(1.) Suit to set aside an adoption and to set aside certain alienation by the first defendant, a Hindu widow and heir of the last male owner Brahmanna, who died, according to the evidence (D.W. 1), 50 years ago. The Subordinate Judge dismissed the suit. The plaintiffs appeal.
(2.) The plaintiffs and 4 defendant are the daughter's sons of the deceased. The first point raised by the appellant is that the adoption is invalid as the assent of the nearest male heirs, of Brahmanna via., the daughter's sons (plaintiffs and 4th defendant) was not sought by the first defendant. In Southern India, in default of husband's authority, a widow may adopt with the consent of her husband's kindred. The question is whether the daughters sons, when they happen to be the nearest heirs, should be consulted. Up to Vadreva Ranganayakammagaru v. Somasundara Rao (1921) 43 Mad. 876, the point has not arisen here and it could not arise elsewhere.
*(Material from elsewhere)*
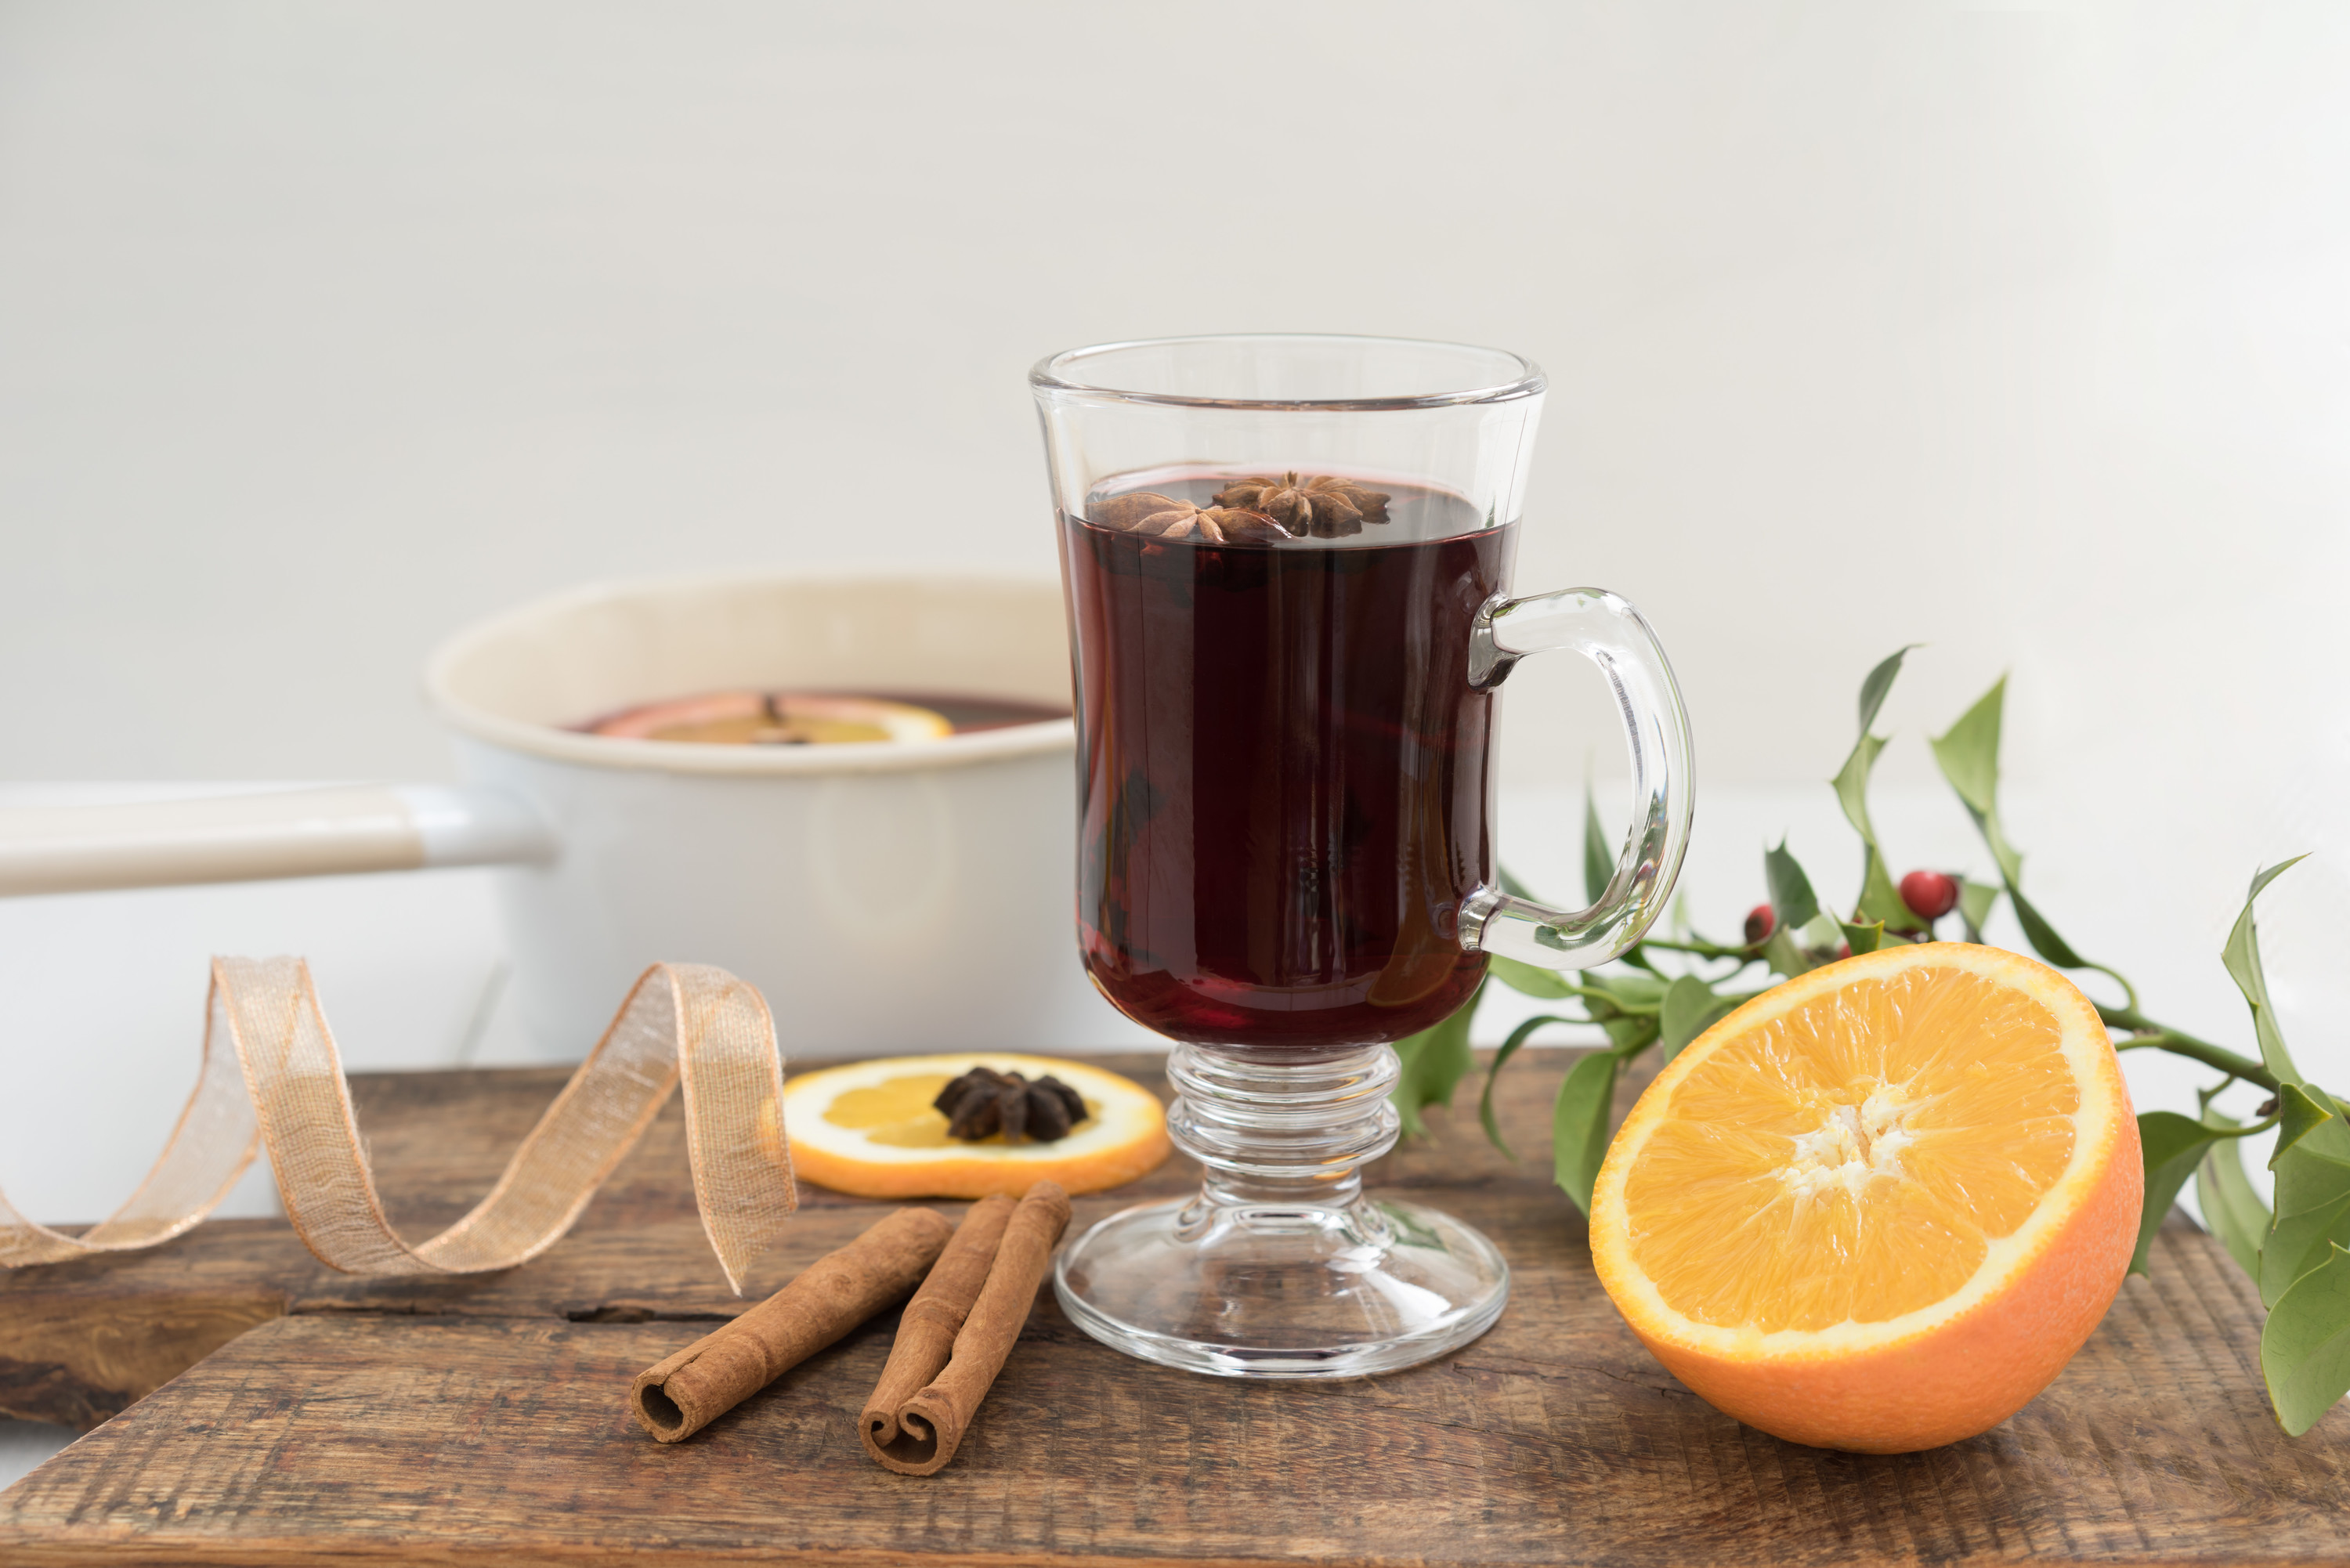 spiced mulled wine recipe

(3.) The reasons why such a point did not arise till now are obvious. It is very rarely that a grandmother adopts to the detriment of her daughter's sons. If she has only one daughter's son, she would adopt him in preference to others, or not adopt at all. If there are more than one, she would not adopt at all, as she would prefer the daughter's sons to succeed equally. As for the spiritual purposes of the husband, a daughter's son is capable of conferring such spiritual benefit so nearly well as the son, that consideration does not present any difficulty.